▶ **AIM OF THE EXERCISE**:
With pictures left out, set down exactly the lines from the line containing "Ilustración de sonido llehando a un oido" through the last line of the data.

▶ **SUPPLIED MATERIAL**:
------------------------------------

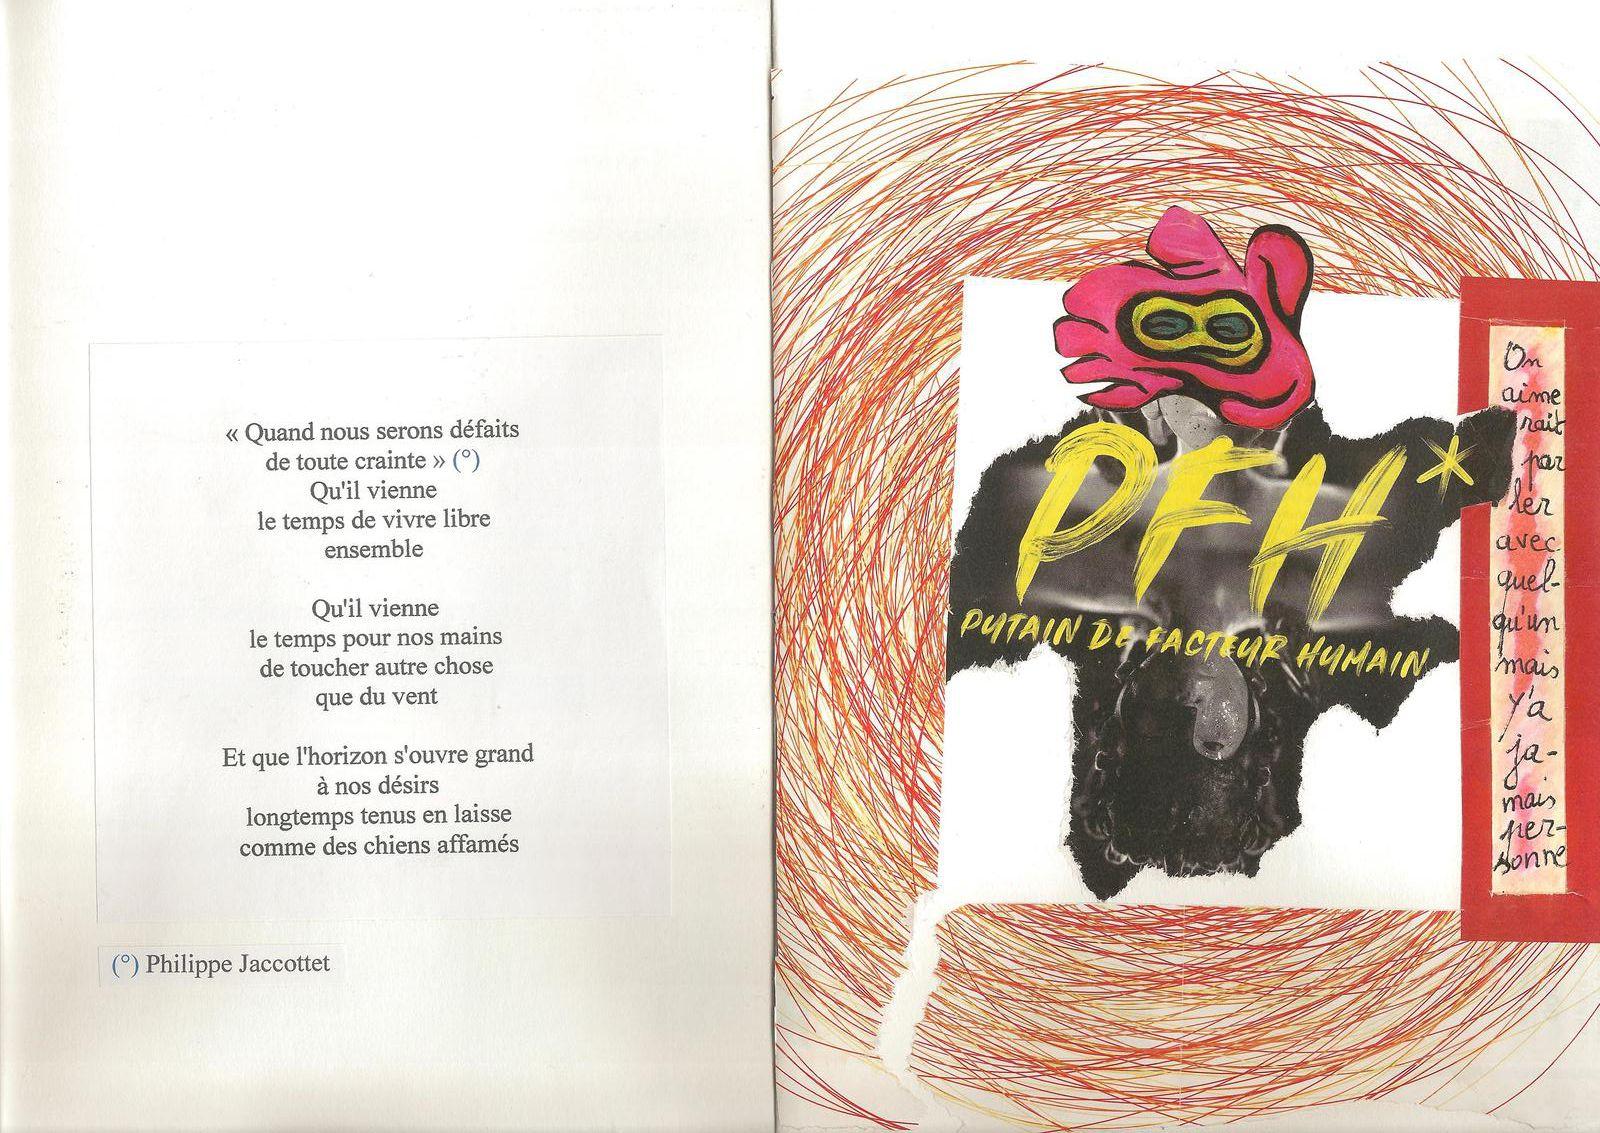 TROIS PIECES, livre d'artiste (confiné)
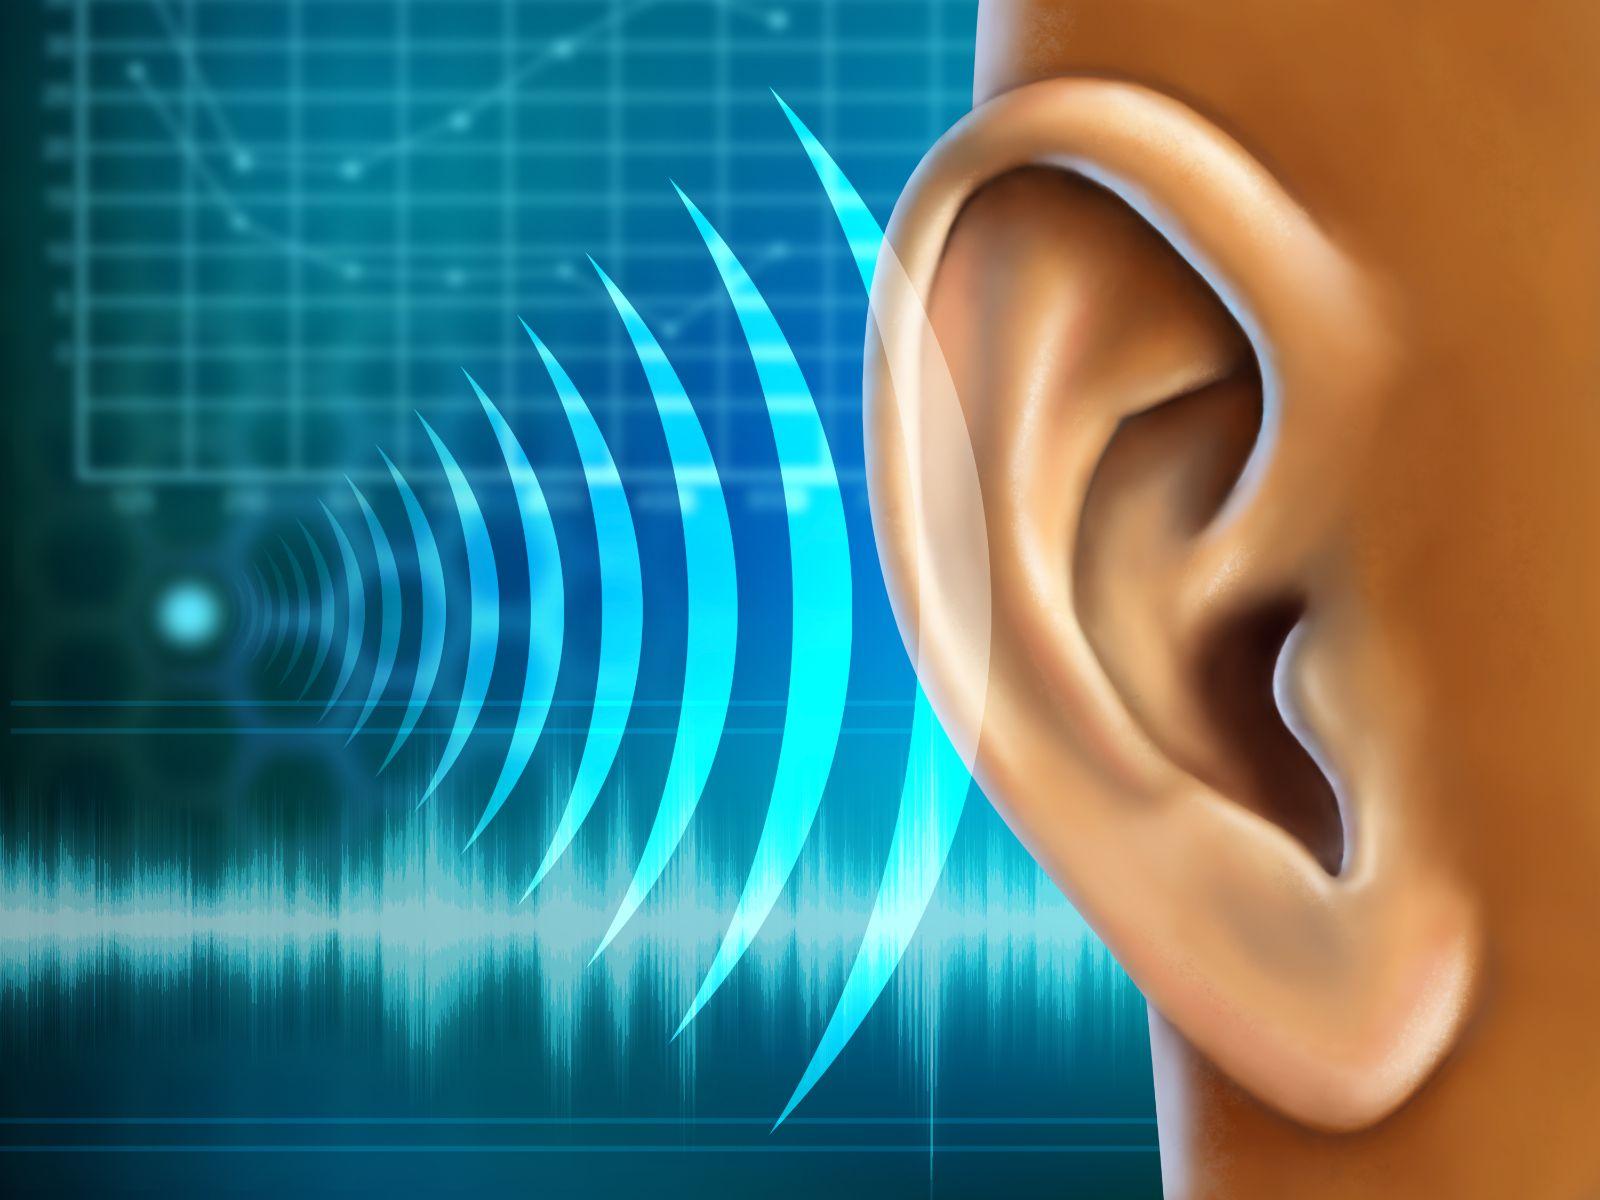 Ilustración de sonido llehando a un oido
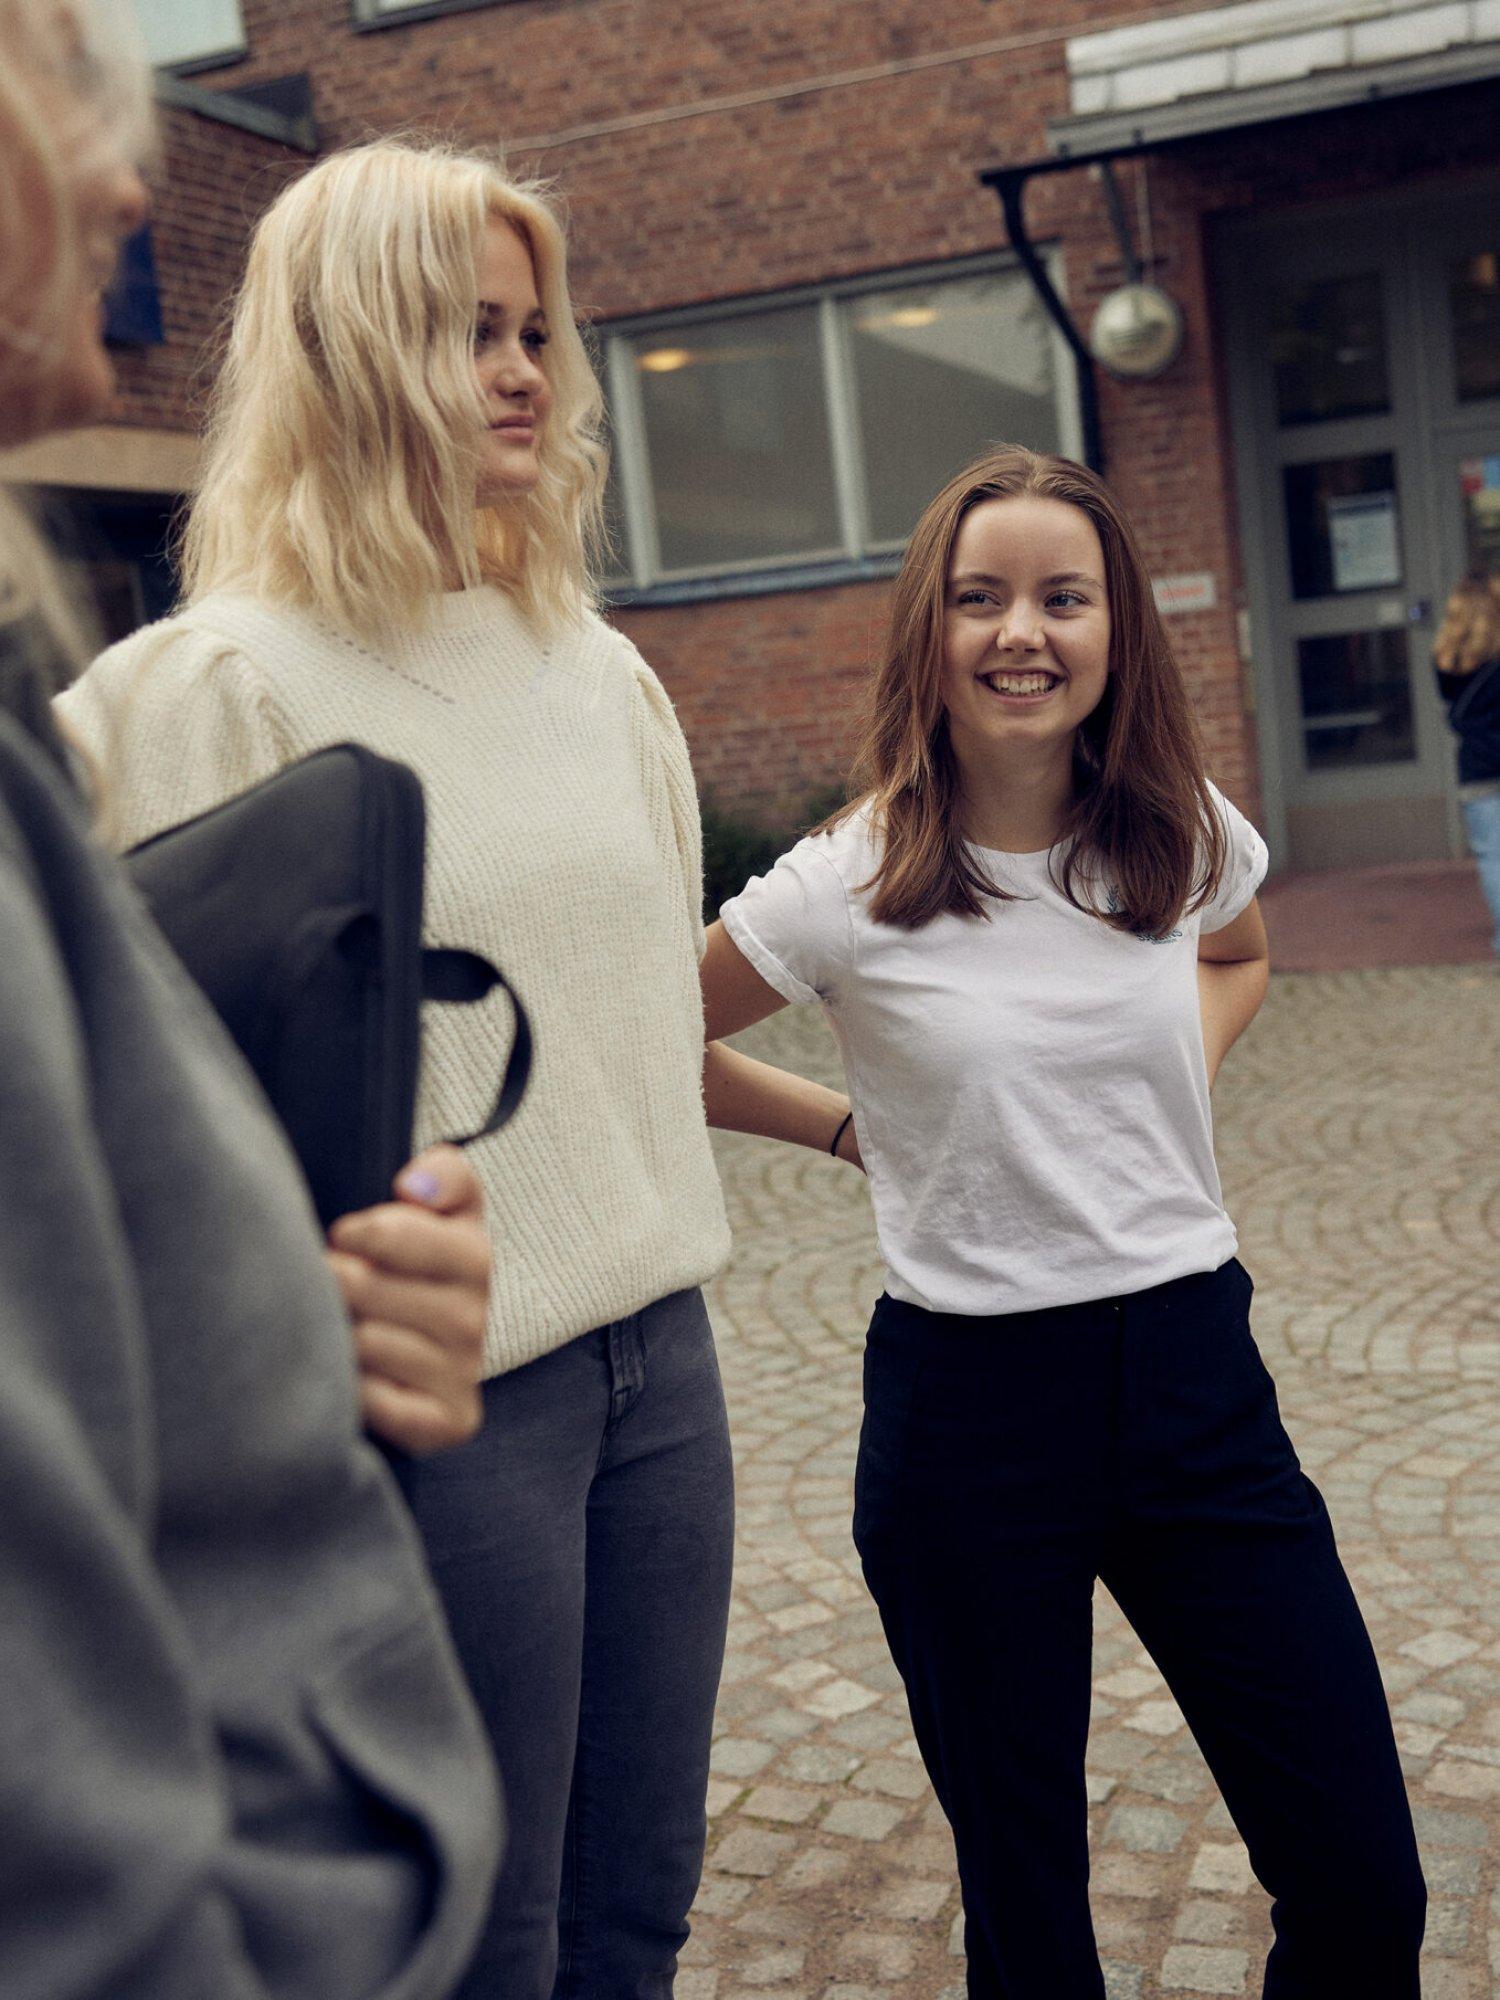 Elever står och pratar utanför ingången till Sjölins Gymnasium.

------------------------------------

▶ **ANSWER SECTION**:
 Ilustración de sonido llehando a un oido
 Elever står och pratar utanför ingången till Sjölins Gymnasium.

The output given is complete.